Could I just go into one room and NOT see the word cancer? Turn on the TV and not hear a news story about some phony cancer doc? Not think about it for more than 4 and 1/2 minutes? I am SO over it. I am over the troubled breathing. I am over crying about my worst fears and looking at myself in the mirror only to be repeatedly reminded (and shocked) about my situation. I'm really ready to be done with the stupid dummy pig brain C.
CANCER, NOW HEAR THIS: LEAVE ME ALONE. YOU'VE HAD YOUR TIME IN MY LIFE, NOW BE GONE WITH YOU.

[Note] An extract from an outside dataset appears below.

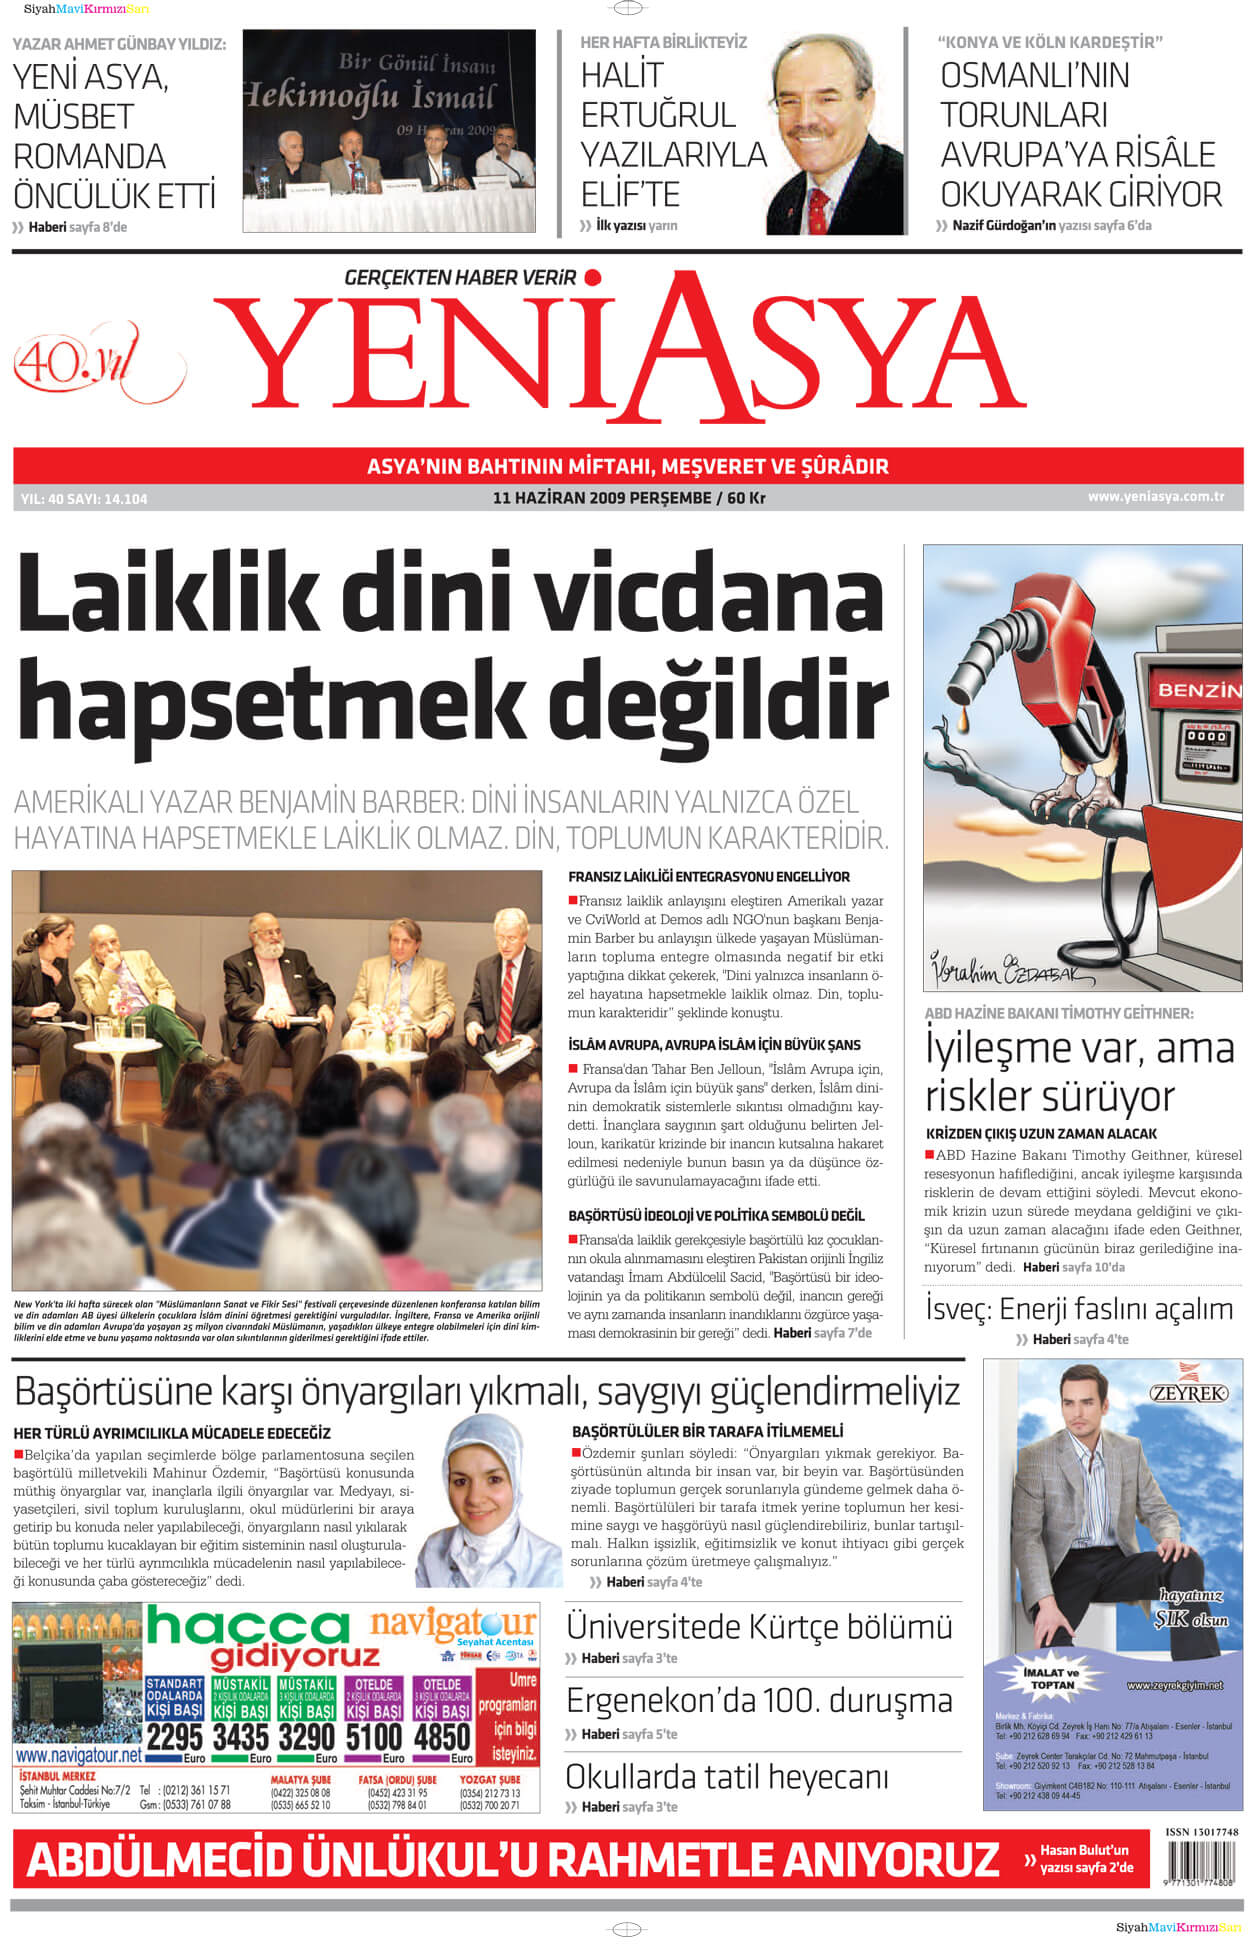 Turkish Newspapers 44 Yeni Asya

Do you think those mutant cells are listening? I certainly hope so. I still have 5 weeks to go before the PET scan will tell us precisely how effective my treatment was. I am dreading this scan for a good number of reasons.
Numero Uno (aka Captain Obvious) - I don't want a lotta bad news.
Numero Dos - I don't want a little bit o bad news (or, be told I must repeat the scan 6 weeks later to be sure a different treatment is required).
Numero Tres - While I would love a miracle to descend upon our family, I dread returning to having the fertility struggle on the forefront. The stress, sadness, the addictive hoping, the frustration and the disappointment; the elements of each month.
Not to say that I haven't been in a very regular state of frustration throughout the past nine months (hmmmm... is that just a coincidence?), but I've had bigger fish to fry.
Looking over these reasons to dread the PET, I realize I'm up a creek. I can't win with a clean scan and I most definitely can't win with a dirty one.
Tonight's temporary solution involves watching The Best Thing I Ever Ate (both "at a deli" and "salty goodness") and working up an appetite. What's so wrong about drooling over a fresh corned beef special?